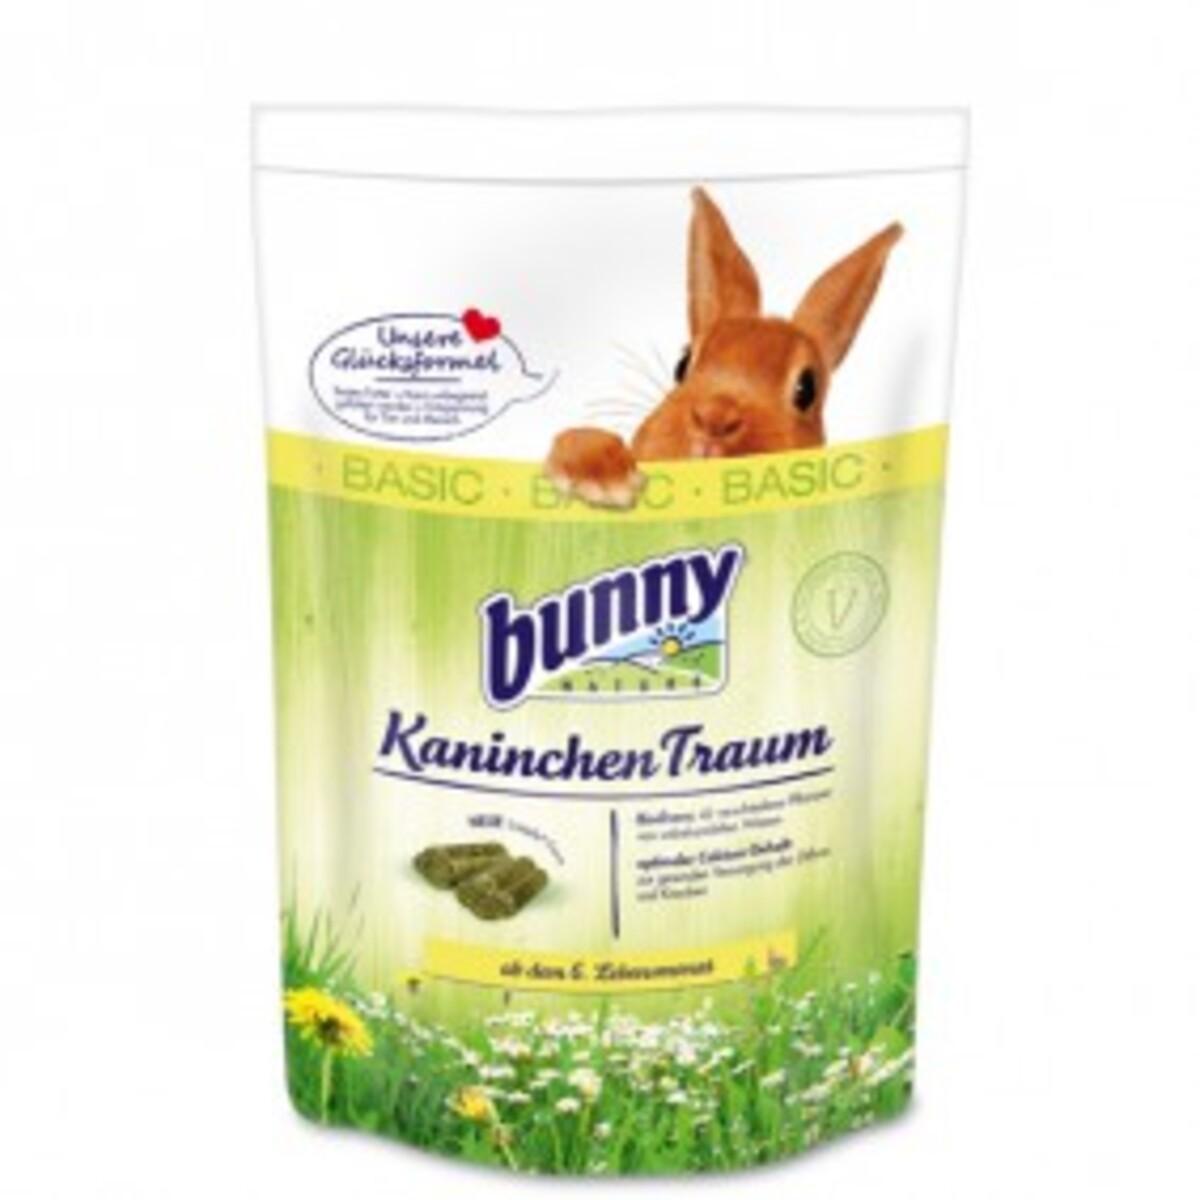 Bild 3 von Bunny KaninchenTraum basic 4kg
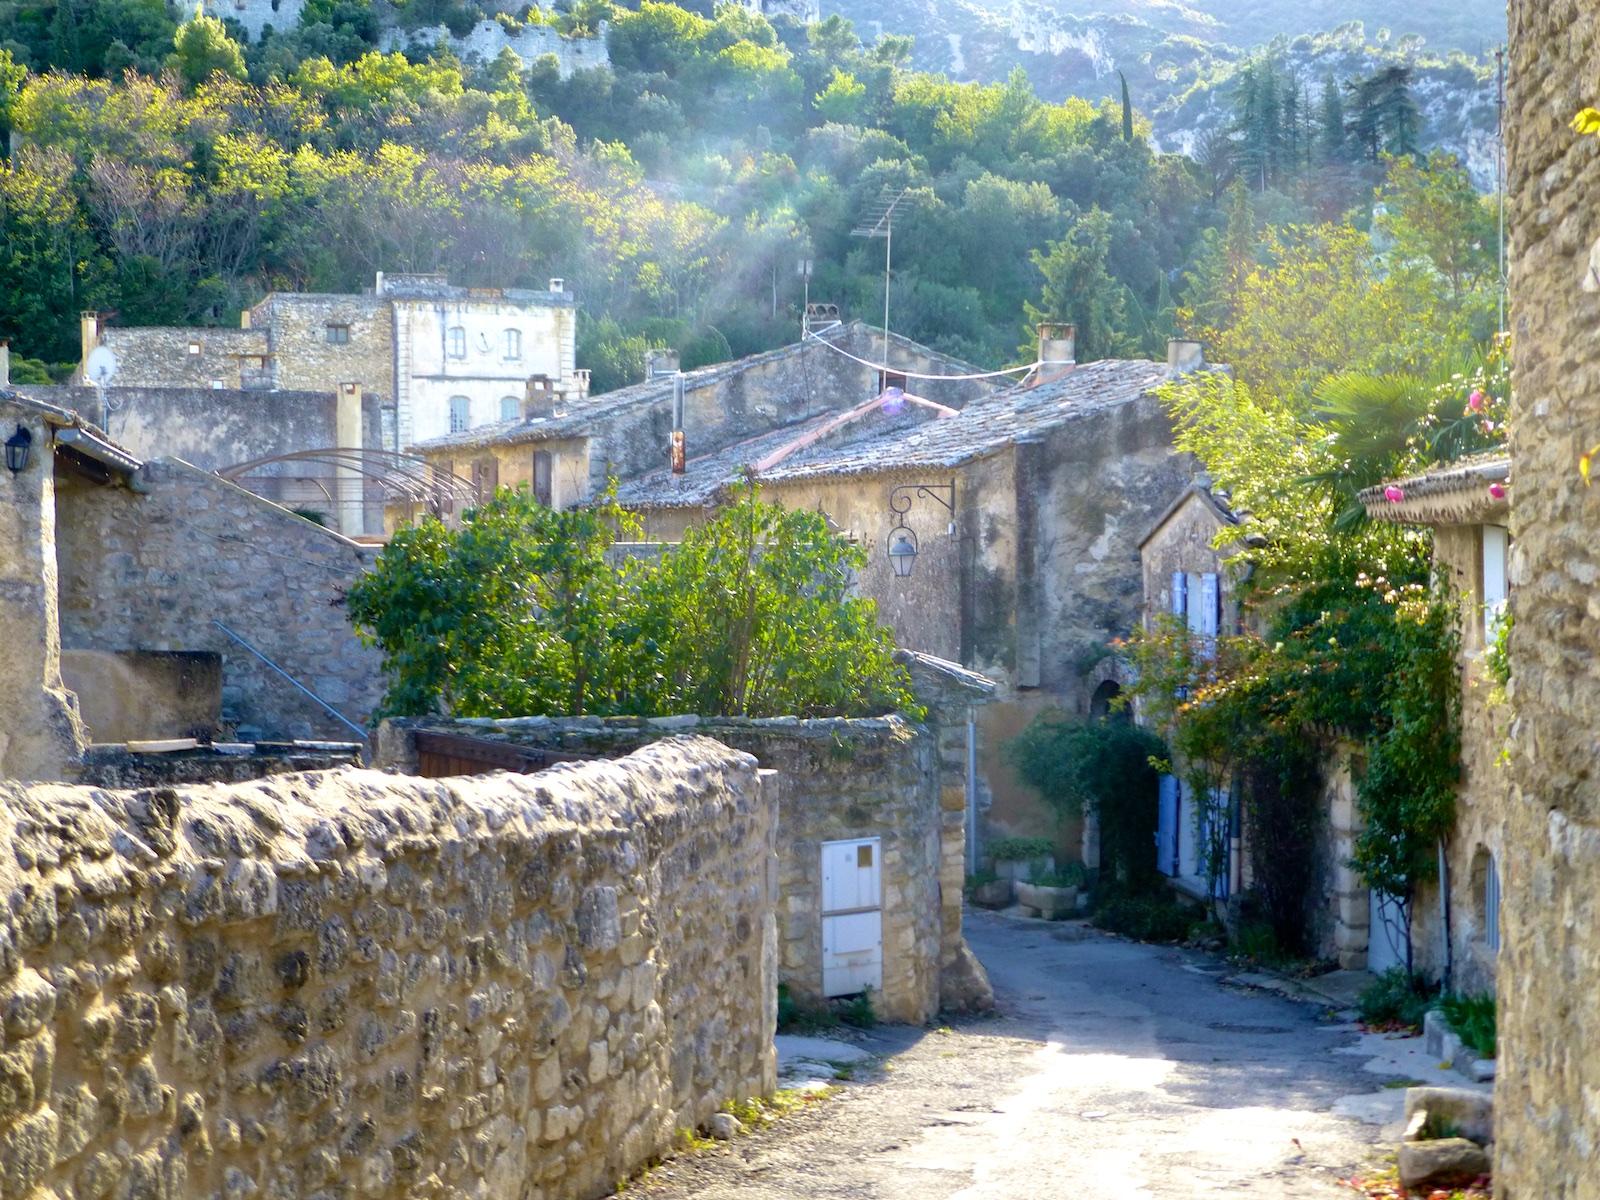 Oppède-le-Vieux, Luberon, Vaucluse, Provence, France
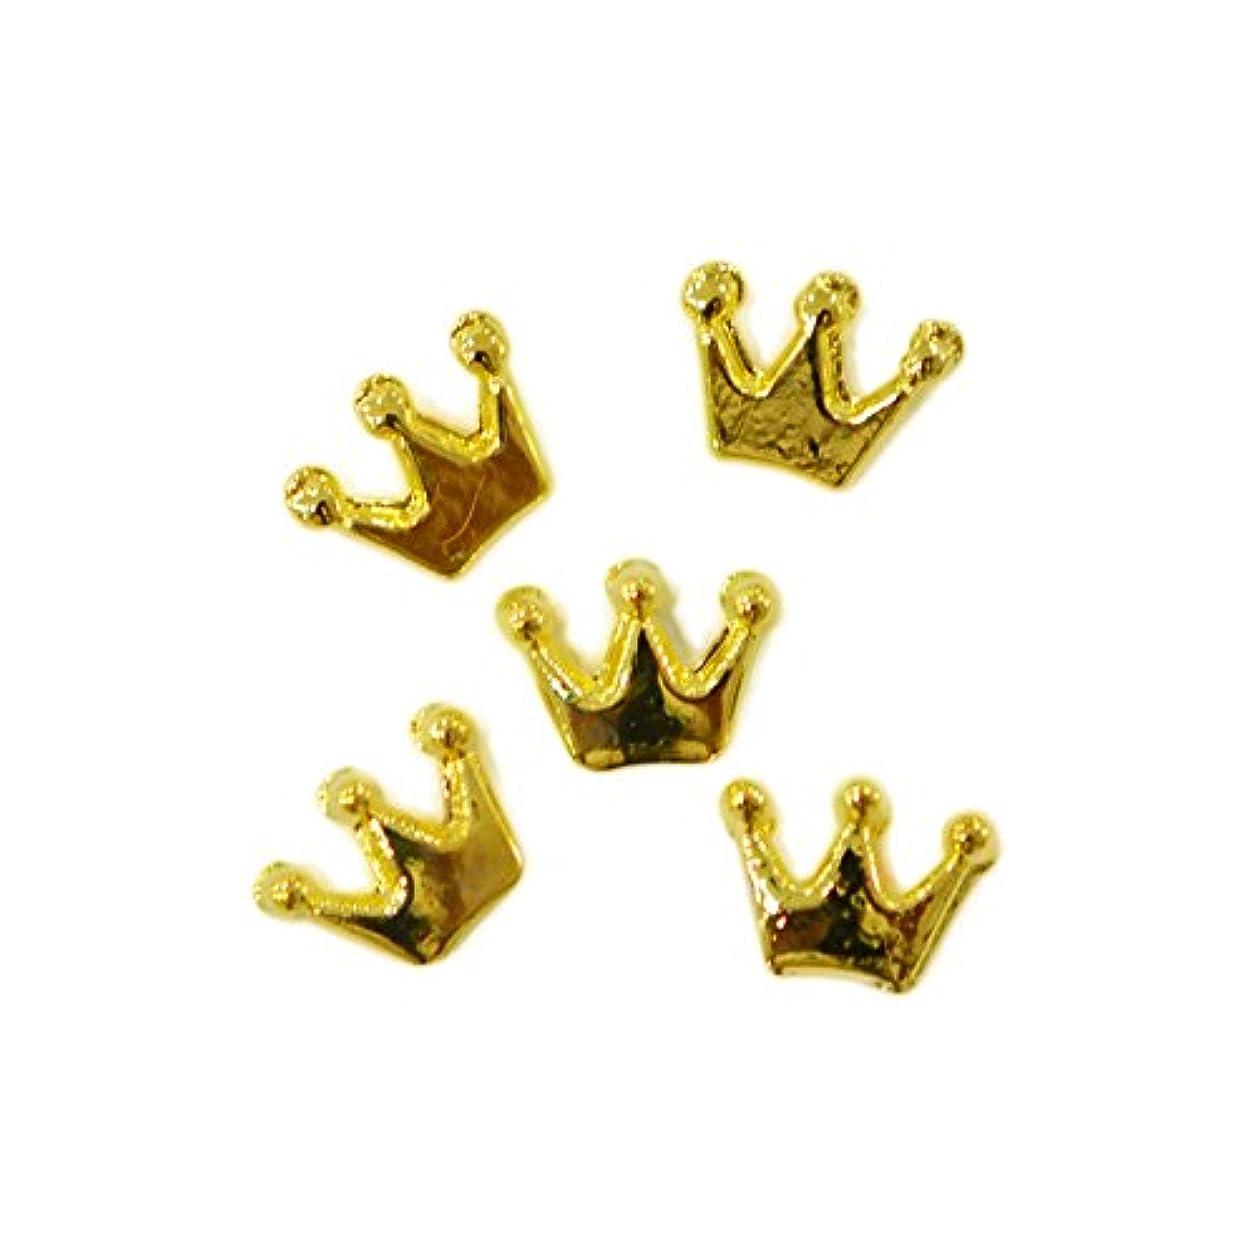 水曜日アスレチック船形メタルパーツ crown 6mm×4mm ゴールド 5個 MP10158 王冠
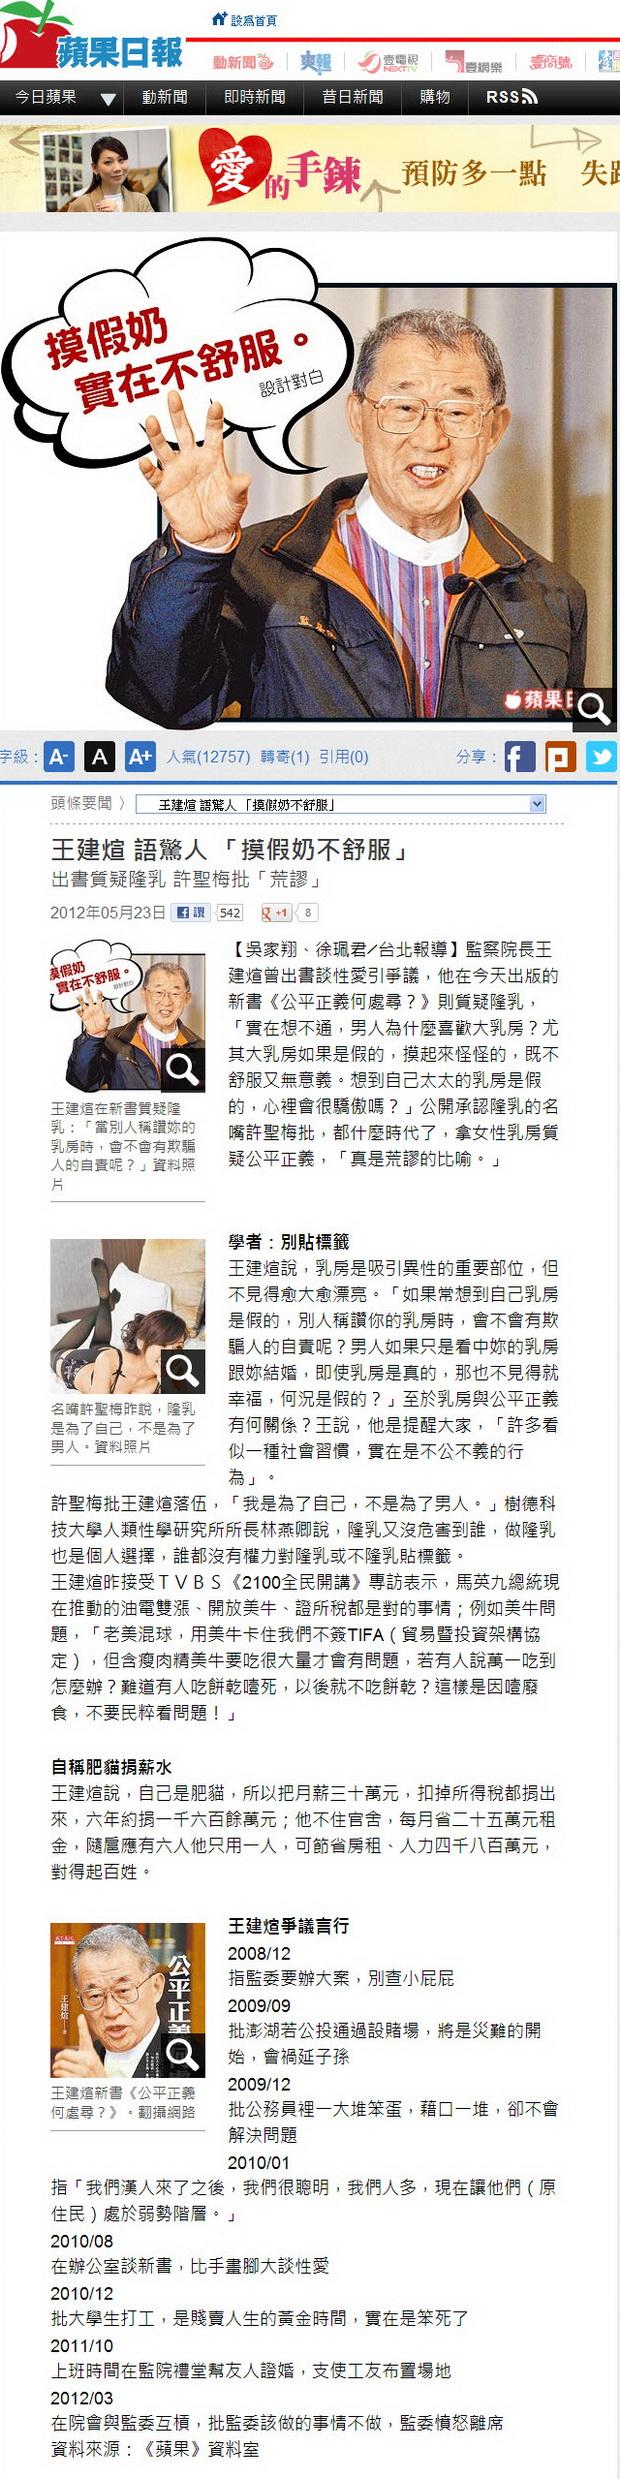 王建煊 語驚人 「摸假奶不舒服」-2012.05.23-01

§ **Exercise brief**
Please retype the data exactly as it appears, but without any of its pictures.

§ **Solution**
 Bild 3 von Bunny KaninchenTraum basic 4kg
 Oppède-le-Vieux, Luberon, Vaucluse, Provence, France
 水曜日アスレチック船形メタルパーツ crown 6mm×4mm ゴールド 5個 MP10158 王冠
 王建煊 語驚人 「摸假奶不舒服」-2012.05.23-01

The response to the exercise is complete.